Required Reading to Understand Debt Ceiling
For Those Who Escaped College Without Taking Economics 101, Professors Offer Reading Recommendations Ahead of Debt Ceiling Debate
The debate over raising the nation’s debt ceiling from its current limit of $14.3 trillion has intensified as members of Congress prepare for the upcoming vote.
Democrats have insisted on raising the ceiling so the government can continue spending and avoid the possibility of defaulting on its debt. Republicans have said they will support the increase if reforms on future spending are included in the legislation.
Outside of the partisan wrangling, Sara Ellison and James Poterba, professors of economics at the Massachusetts Institute of Technology, and Mark Kuperberg, professor of economics at Swarthmore College, each recommended a book that could be useful to Capitol Hill readers seeking to gain a big-picture perspective on the debt ceiling debate.
This Time Is Different: Eight Centuries of Financial Folly by Carmen M. Reinhart and Kenneth Rogoff
“I don’t know of any books that deal directly with raising the debt ceiling,” said Kuperberg. But “This Time is Different” comes fairly close, with its analysis of eight centuries of government defaults. Drawing from the experiences of 66 countries, Reinhart and Rogoff present a complete review of financial crises and assert that the United States’ economic tribulations are not unique. Excessive debt and limited efforts to reduce government spending could ultimately lead to increased inflation or stagflation, no matter where in the world the crises occurs.
“In principle, if Congress does not extend the debt ceiling when the national debt reaches that number, then the government would have to instantly run a balanced budget, including the interest that it pays on the debt, from that moment on,” Kuperberg said. “In the entire eight centuries, I doubt there was a case of a government that could have perfectly well managed to pay its debts but chose not to.”

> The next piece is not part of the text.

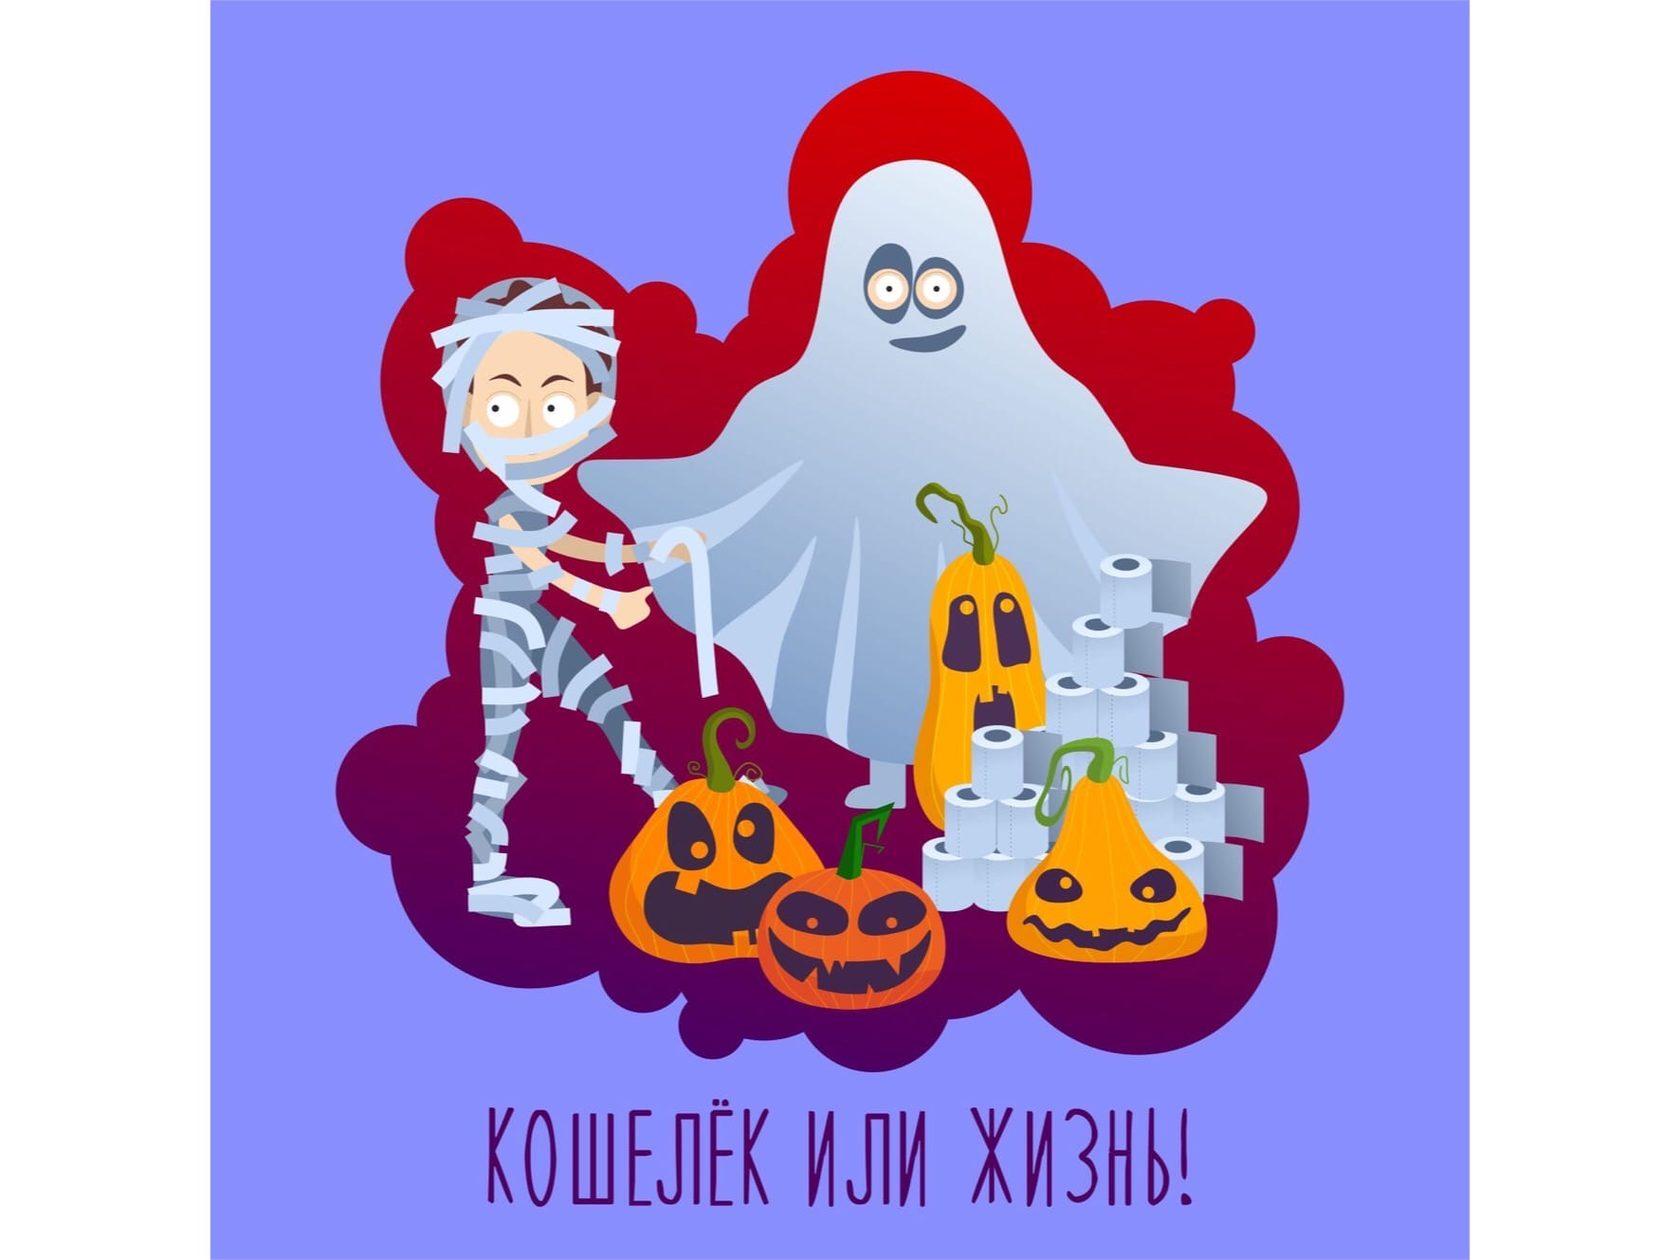 Хэллоуин и математика

The Age of Diminished Expectations by Paul Krugman
“‘The Age of Diminished Expectations’ is an outdated book in the sense that Paul Krugman is addressing the pressing economic policy issues of 20 years ago, not those of today. However, many of the explanations of mechanisms and relationships in the economy are just as valid now as they were then.

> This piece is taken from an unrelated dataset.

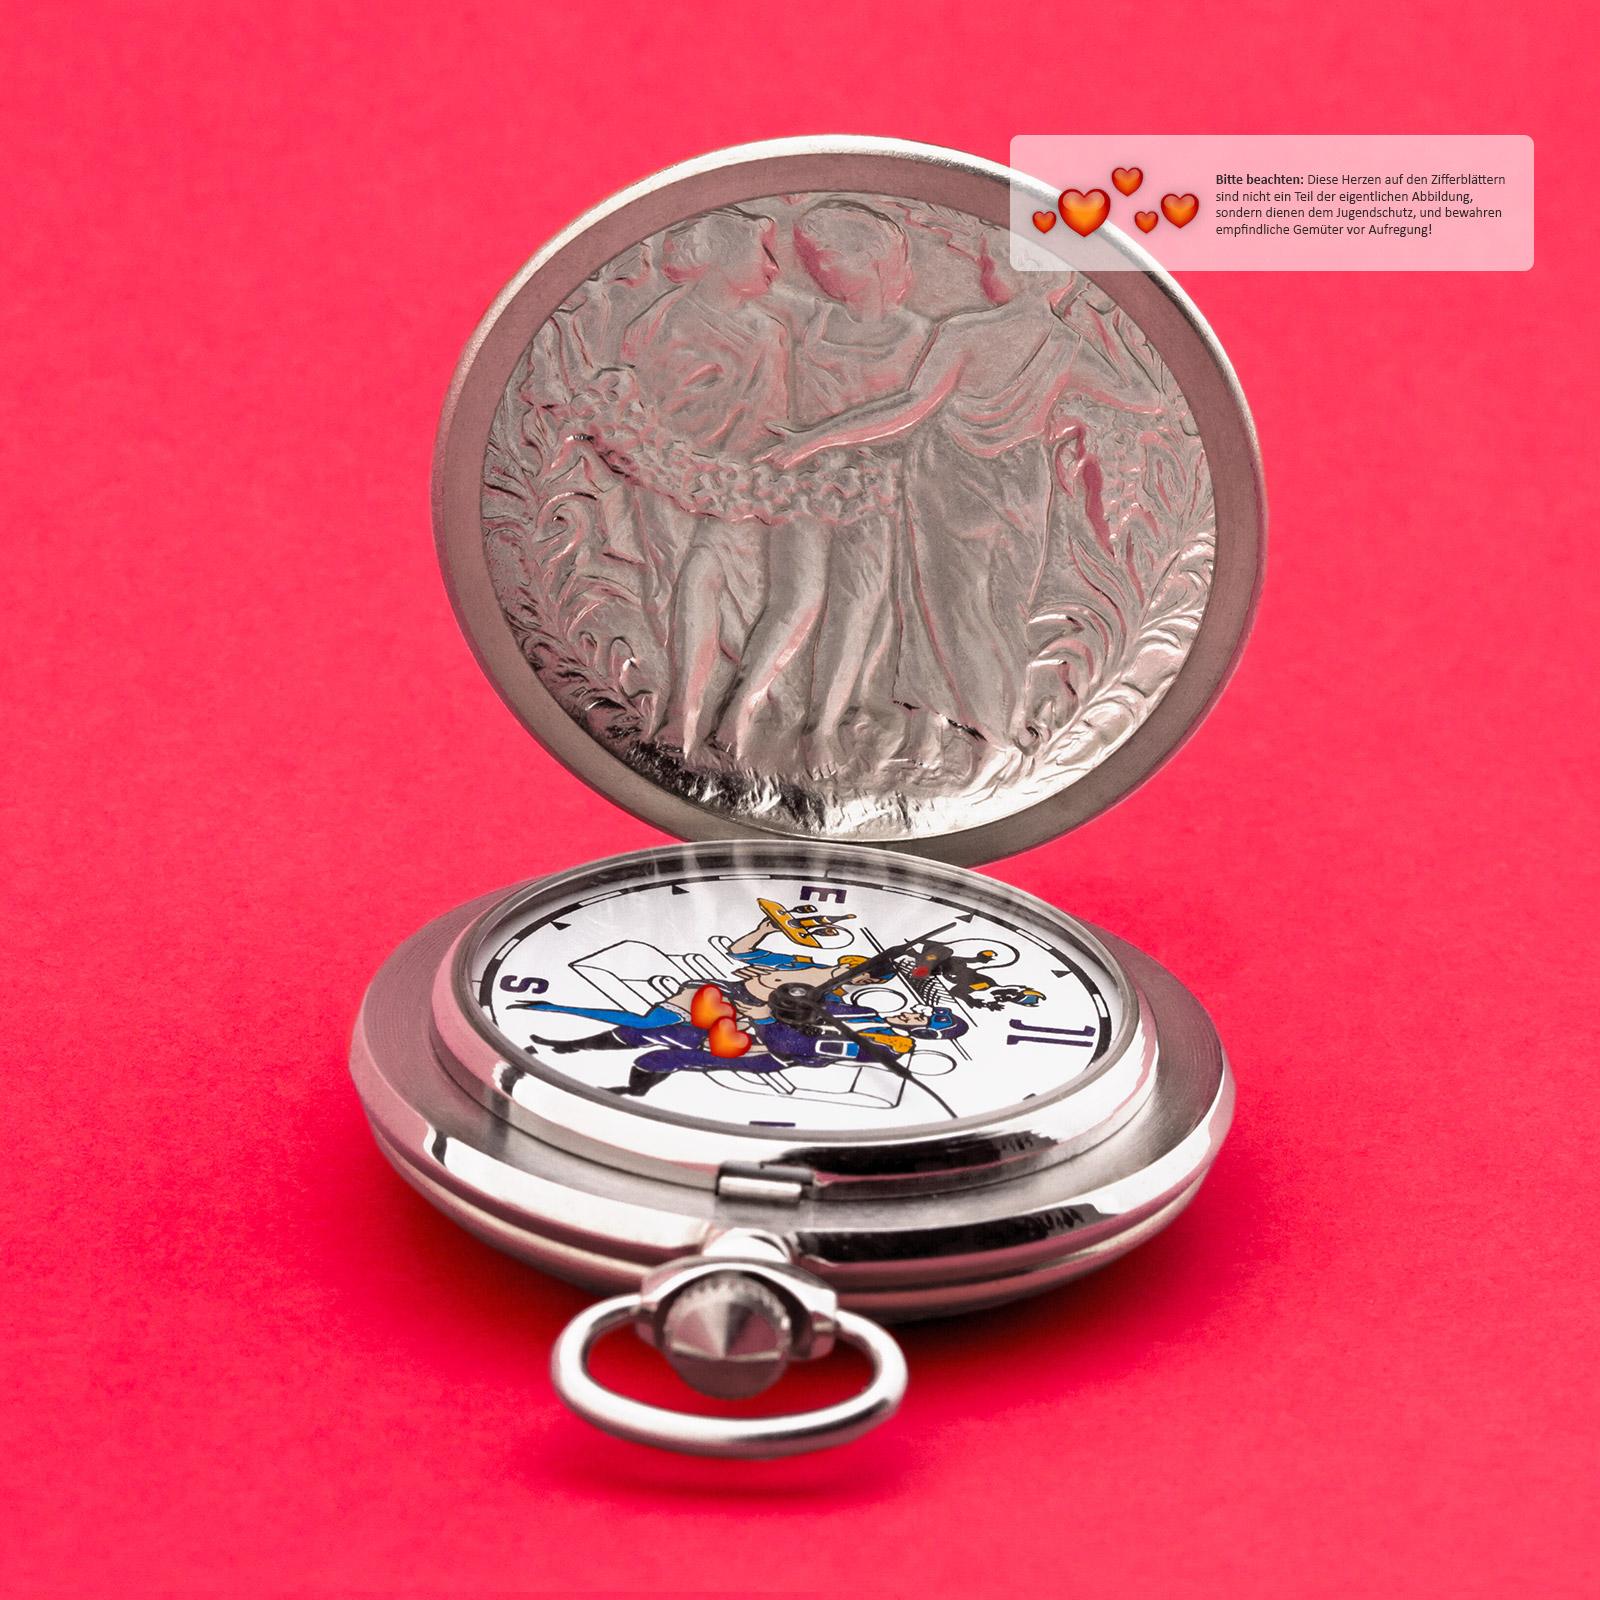 EROTIK-Taschenuhr-sexspielzeug-Pilot-Husar-Piano-mechanische-Uhr-3602-MOLNIJA-JL Indexbild 14

The chapter on the budget deficit, for instance, explains the basic effects that most economists believe will result from the U.S. government running large budget deficits,” Ellison said. She added that Krugman includes a brief mention of the possibility of the U.S. government defaulting on its debt, but, ironically, “it is dismissed as unthinkable.” Krugman warns that citizens live in an “age of diminished expectations, an era in which our economy has not delivered very much but in which there is a little political demand to do it better.”
Macroeconomics by N. Gregory Mankiw
Poterba recommends skimming through university textbooks to find detailed and straightforward economic analysis on debt. “A good place to look would be the chapter in Greg Mankiw’s ‘Macroeconomics’ book on Government Debt.” Mankiw, a professor of economics at Harvard University, explains the causes and consequences of excessive government debt, touching on examples in history to inform the description.